Cluster Autoscaler

Add or remove cluster nodes based on pending pods and utilization.

The Cluster Autoscaler adjusts the number of nodes in your cluster. It adds nodes when pods can't be scheduled (pending) and removes underutilized nodes whose pods can be rescheduled elsewhere.

How It Works

The Cluster Autoscaler scans every 10 seconds. For scale-up: it detects pods in Pending state, evaluates which node group can satisfy requirements, and calls the cloud provider API to provision new VMs. For scale-down: it checks if nodes are below 50% utilization for 10+ minutes and safely drains them.

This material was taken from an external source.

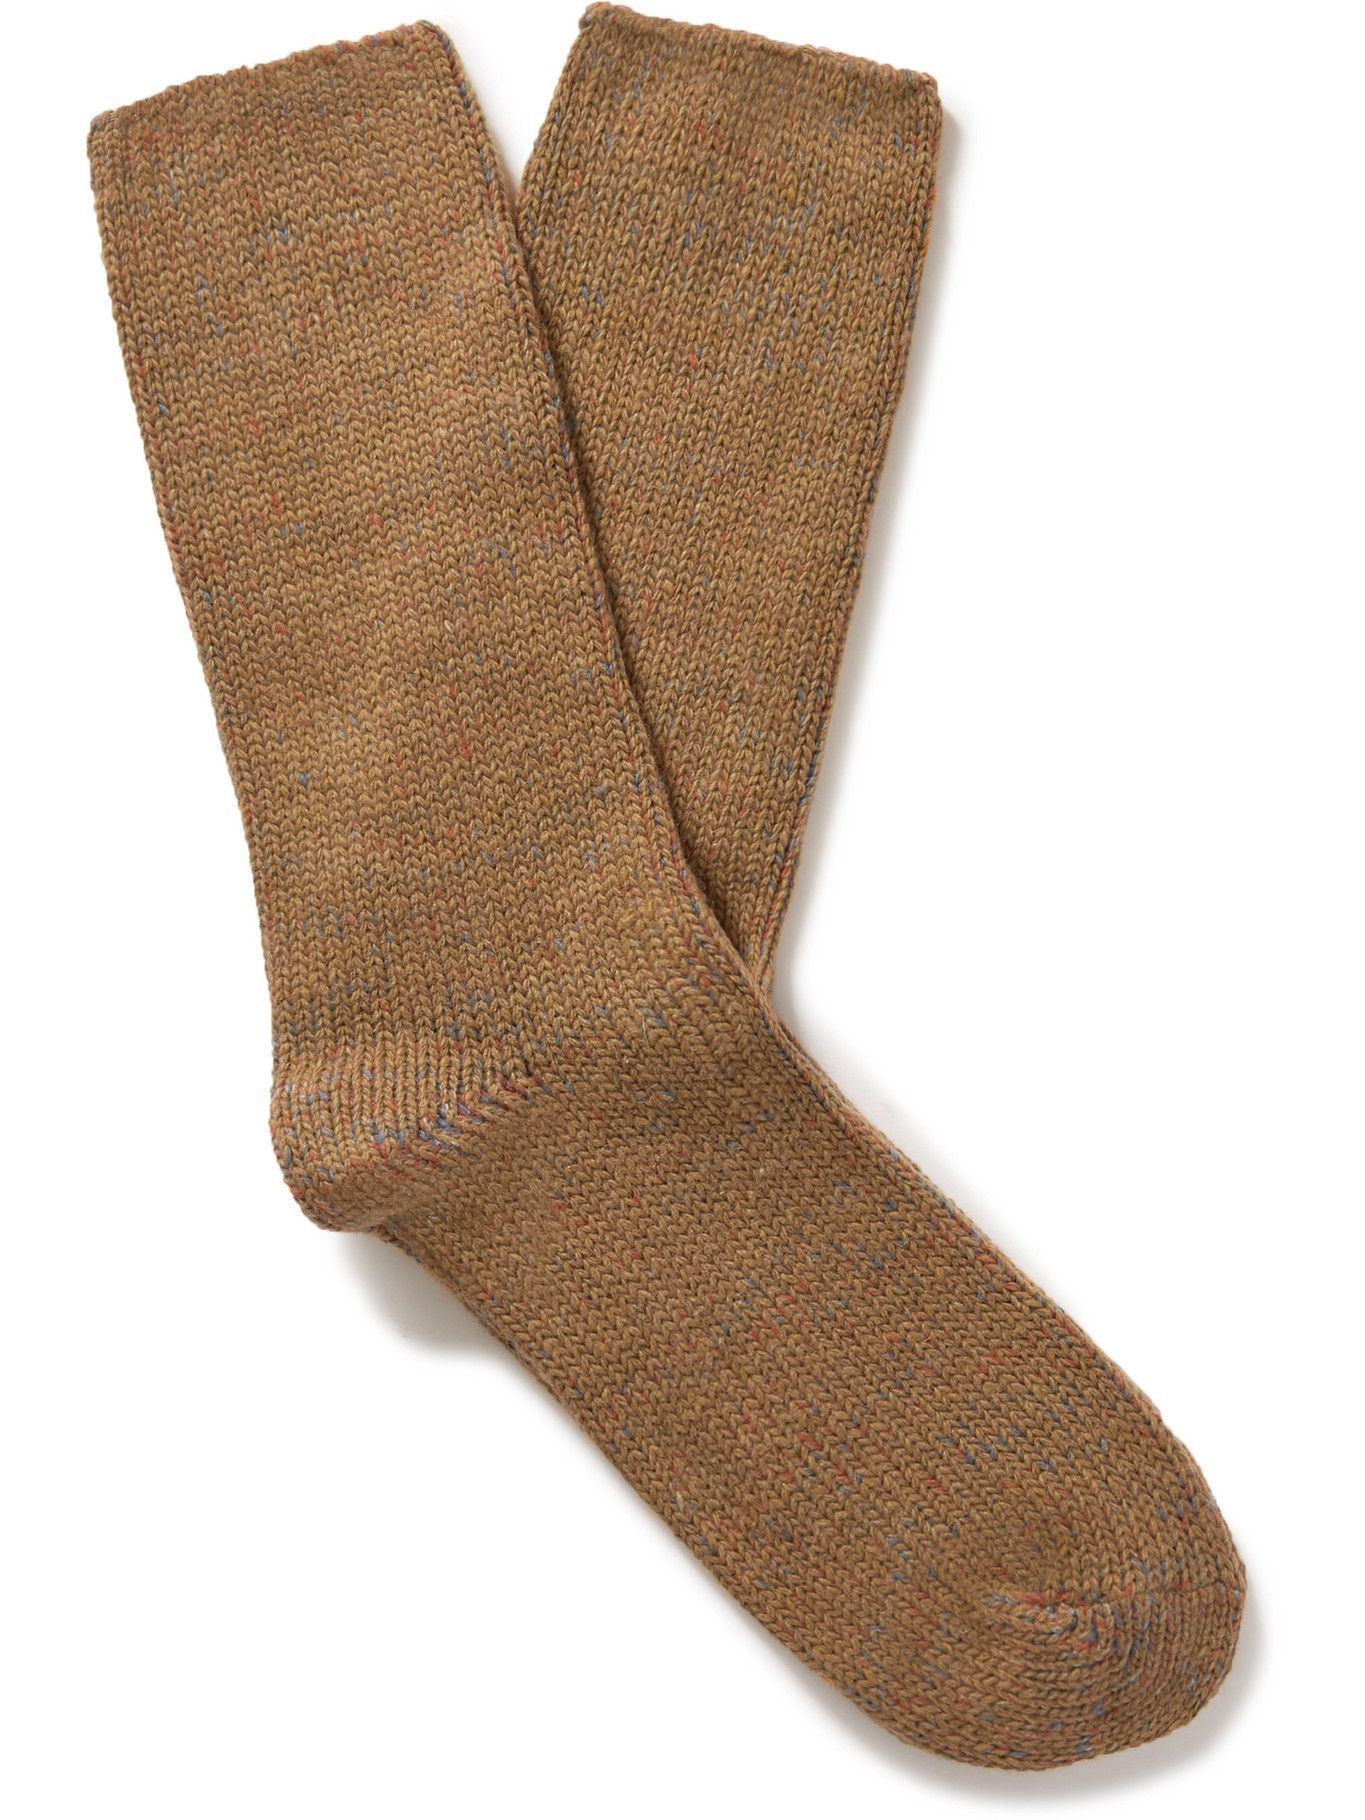 Photo: Thunders Love - Recycled Wool-Blend Socks

It uses an expander strategy to choose which node group to scale: least-waste (recommended), most-pods, random, or priority.

When to Use

Pod autoscalers (HPA/KEDA) create more pods than nodes can handle
You want automatic infrastructure elasticity
Significant load variance (daily cycles, seasonal spikes)
Cost optimization by removing idle nodes

When NOT to Use

Bare metal clusters (no dynamic node provisioning)
Latency-sensitive workloads (2-5 min node provisioning)
Fixed-capacity requirements or compliance constraints

Real-World Example

Black Friday Traffic Spike

An e-commerce platform runs on 20 nodes normally. On Black Friday, HPA scales the frontend from 40 to 600 pods. The Cluster Autoscaler detects hundreds of Pending pods, provisions 65 additional c5.2xlarge EC2 instances over 12 minutes (20 → 85 nodes). By Monday, traffic normalizes and nodes are gradually drained back to 20.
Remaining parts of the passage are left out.